Turn a routine into a ritual when your nervous system needs a trustworthy state change

The practical answer from Jonny Miller’s conversation with Casper Ter Kuile is this: ritual is not mainly about adding more spiritual content to your life. It is about giving an outer structure to an inner change of state — work into rest, scrolling into presence, isolation into belonging, eating into gratitude, transition into meaning.1

For nervous-system practice, that matters because many people do not need a more impressive morning routine. They need small, repeatable thresholds that help the body know: now we are here; now we are safe enough to attend; now we can stop; now we belong; now this matters.

Use this guide when you are:

  • living in the same space all day and struggling to mark transitions;
  • reaching for your phone whenever there is a few seconds of emptiness;
  • craving meaning, rest, community, or spirituality but resisting formal religion;
  • trying to build a grounded integration practice after a big insight or retreat;
  • wanting rituals that are embodied, ethical, and practical rather than performative.

1This is a reflection and practice guide, not medical advice, therapy, trauma treatment, or a promise that ritual will resolve anxiety, depression, dysregulation, grief, burnout, or relational harm.

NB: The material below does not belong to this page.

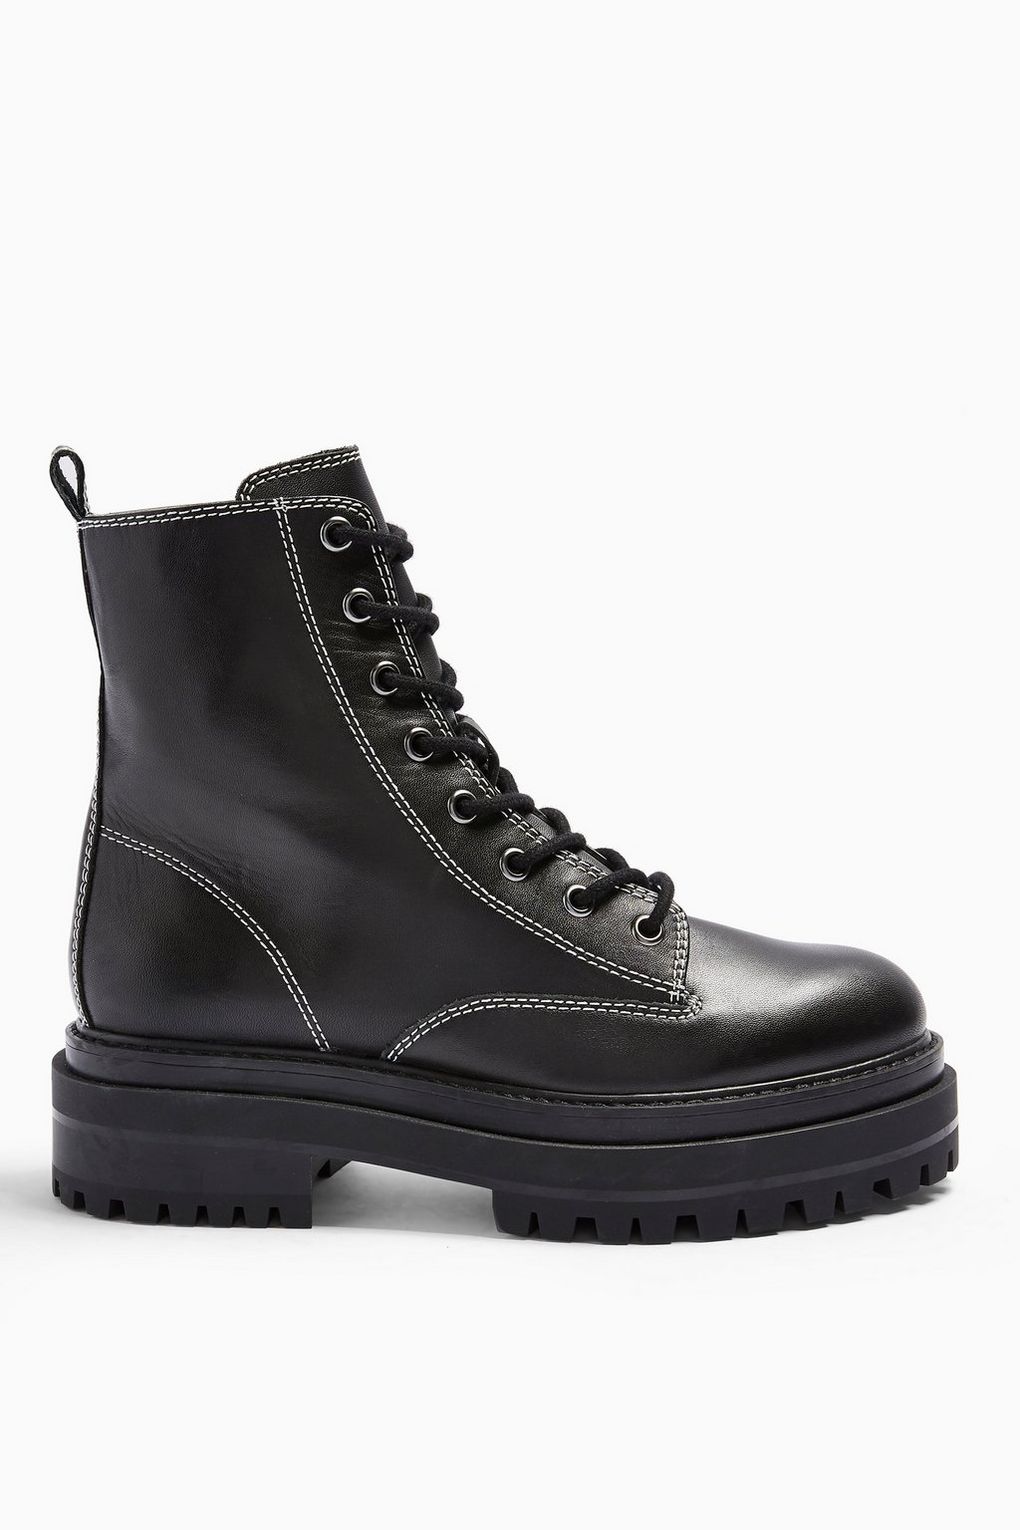 Topshop + Alanis Leather Black Lace Up Boots

If a practice makes you feel destabilized, dissociated, compulsive, or unsafe, pause and seek qualified support.

Start with the routine that is already trying to regulate you

Casper’s first move is mercifully simple: notice what you are already doing. The morning coffee before checking your phone, the thirty seconds at the window while water boils, the bedtime snuggle, the poem before sleep, the walk after work — these may already be functioning as small state-shifts.2

The difference between a habit and a ritual is not that one is secular and the other is religious. Casper describes a habit as patterned behavior with an obvious practical outcome, like brushing your teeth. A ritual is also patterned, but it symbolically expresses or supports an inner state change: a wedding ring makes commitment visible; changing clothes can mark work-time ending; lighting a candle can tell the body that a different quality of attention is beginning.1

Try this audit:

Existing routine What it may already regulate How to ritualize it without making it precious
Morning coffee or tea Orientation, agency, pacing Before the first sip, feel the cup with both hands and name one intention.
End-of-work clothes change Boundary between roles Say: “Work is not finished, but work time is complete.”
First bite of dinner Downshifting, receiving, gratitude Smell the food, take one slow bite, and notice texture before conversation resumes.
Bedtime reading Safety, closeness, closure Put the phone outside the room and read one short passage aloud.
Looking at the sky Perspective, awe, belonging Take three breaths while remembering you are part of a larger world.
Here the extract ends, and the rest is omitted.